*Problem requirements*
Please give back each line below unchanged; none of the pictures should appear.

*Information supplied*
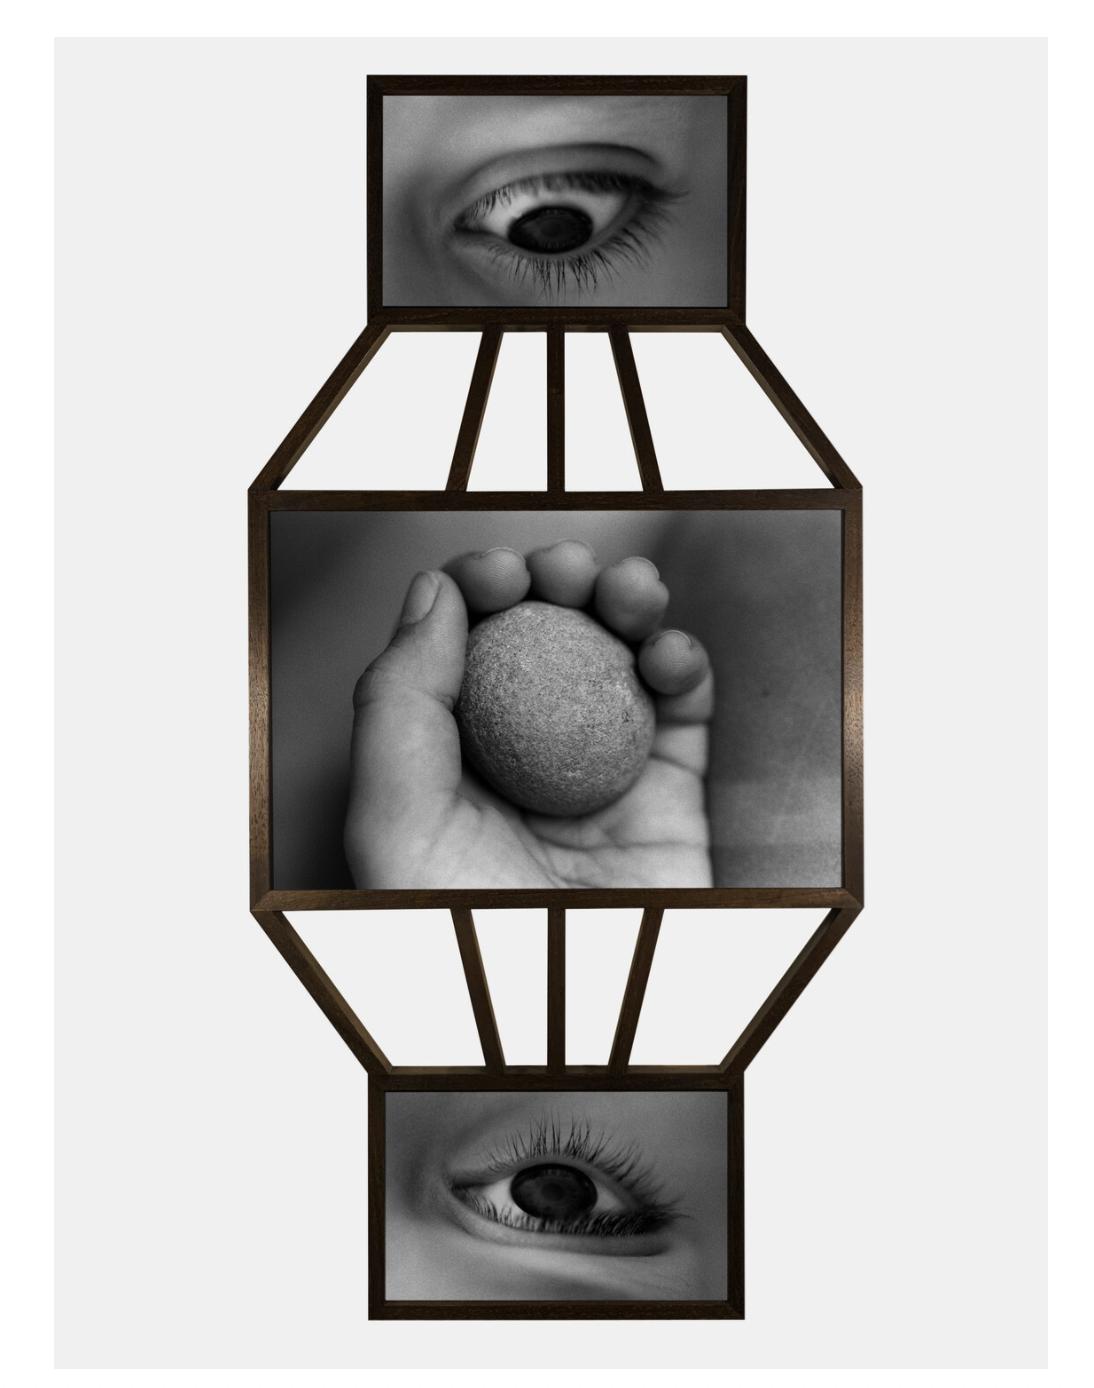 图二、《镜子大厅》，Maria Antelman， 2020
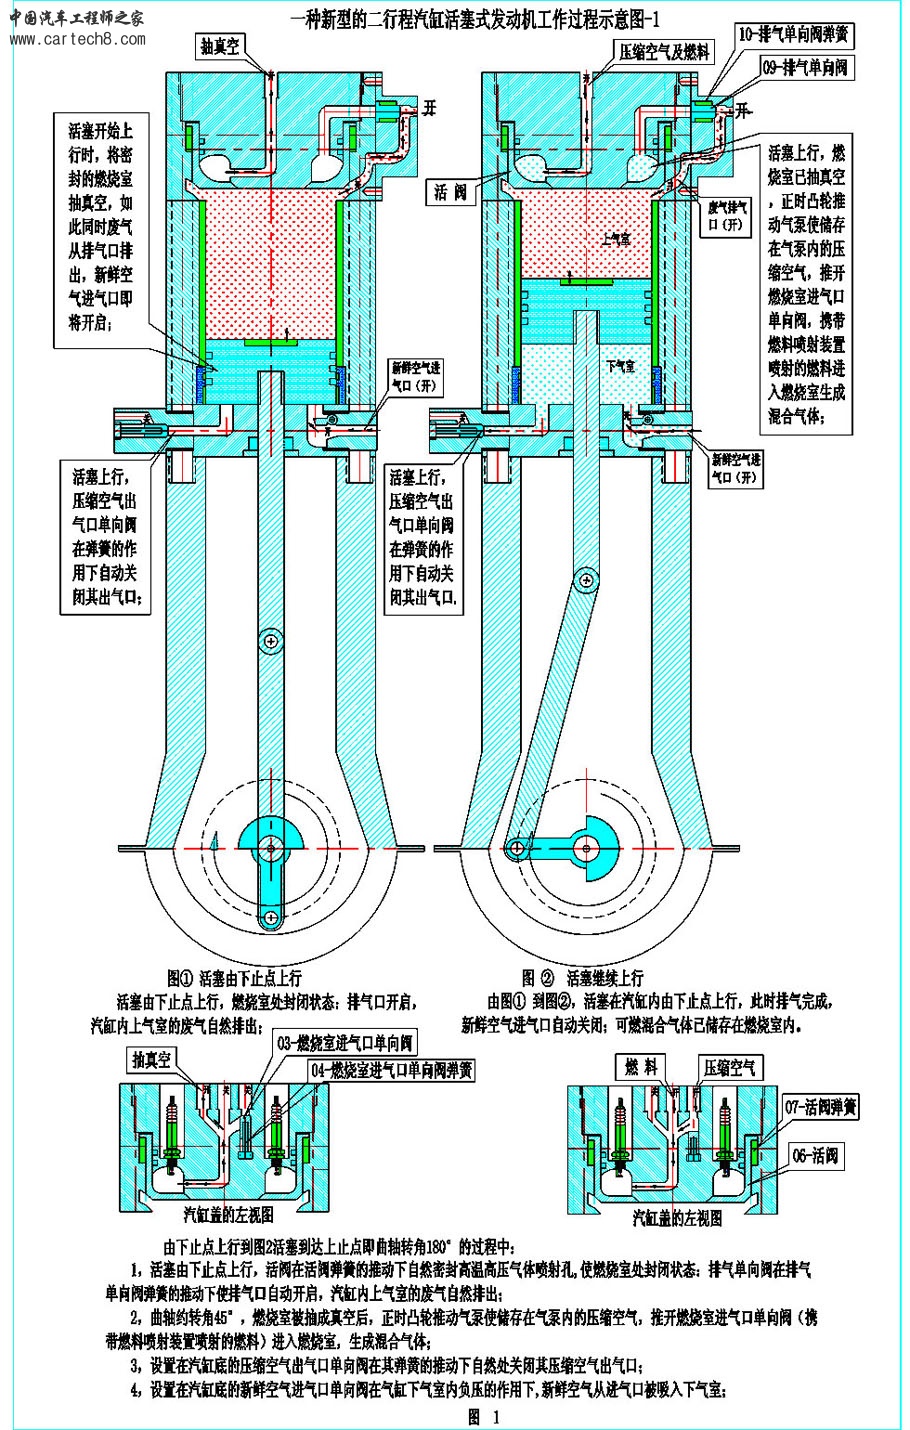 一种新型的二行程汽缸活塞式发动机工作过程示意图-1
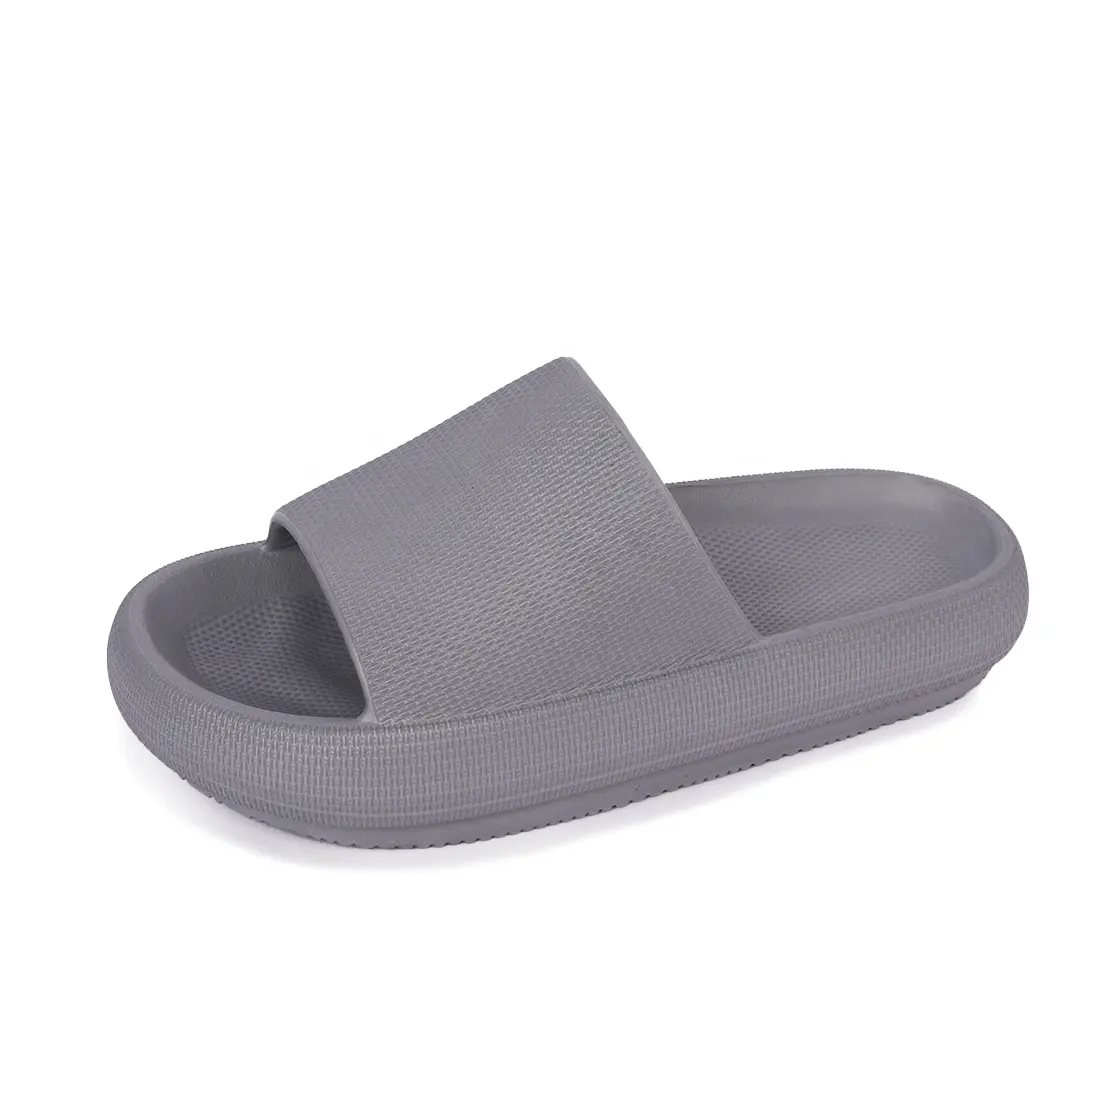 Sandali donna HEVA Comfort scarpe da ginnastica diapositive cuscino personalizzato senza tempo doccia bagno sport casa cursori pantofole per gli uomini
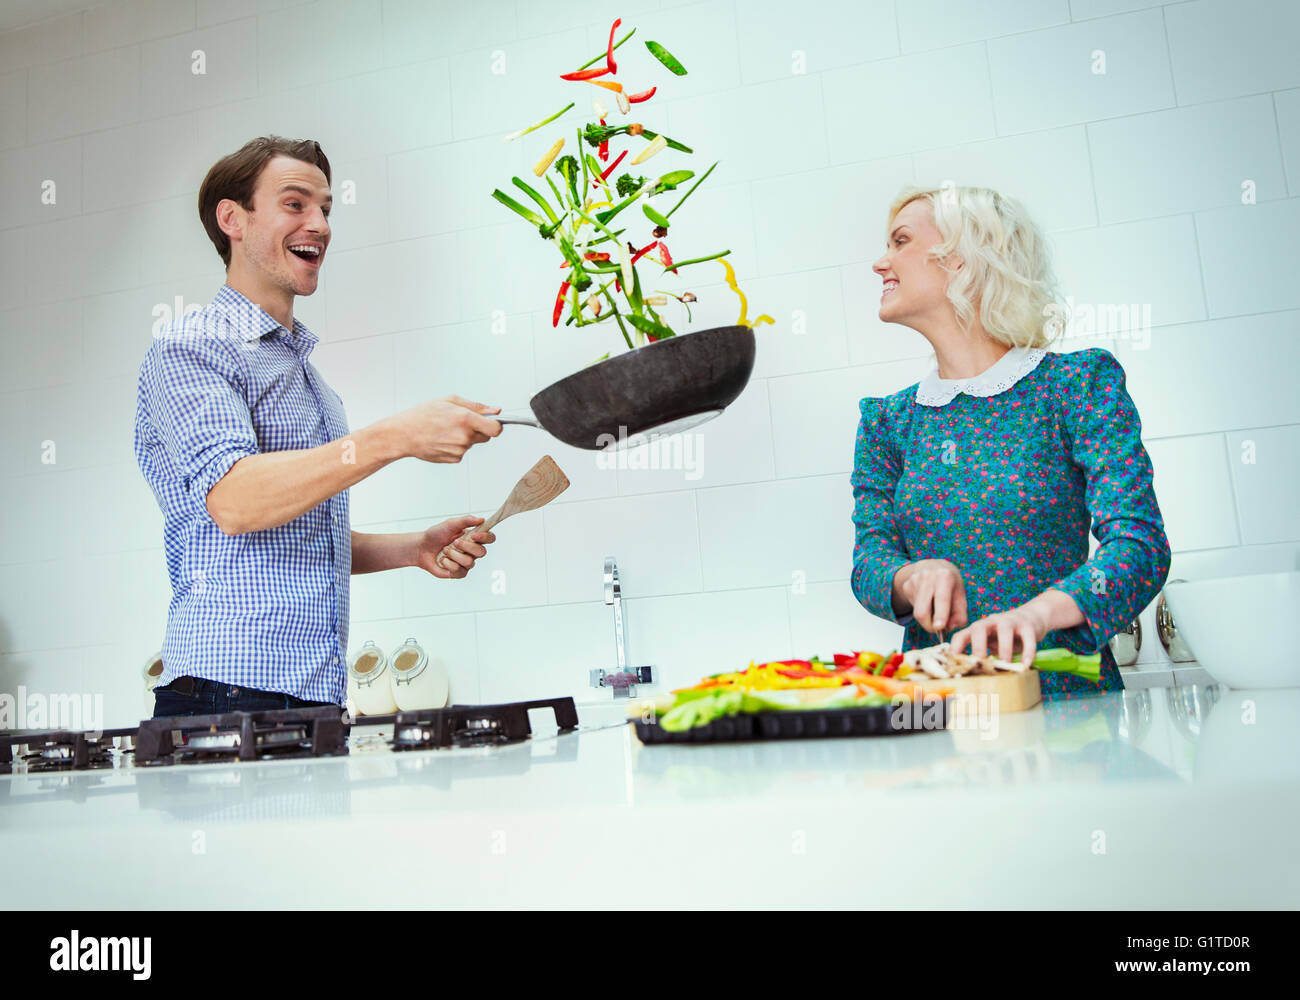 Surpris couple cooking renversant les légumes dans la poêle dans la cuisine Banque D'Images

*Your solution*
 图二、《镜子大厅》，Maria Antelman， 2020
 一种新型的二行程汽缸活塞式发动机工作过程示意图-1
 Sandali donna HEVA Comfort scarpe da ginnastica diapositive cuscino personalizzato senza tempo doccia bagno sport casa cursori pantofole per gli uomini
 Surpris couple cooking renversant les légumes dans la poêle dans la cuisine Banque D'Images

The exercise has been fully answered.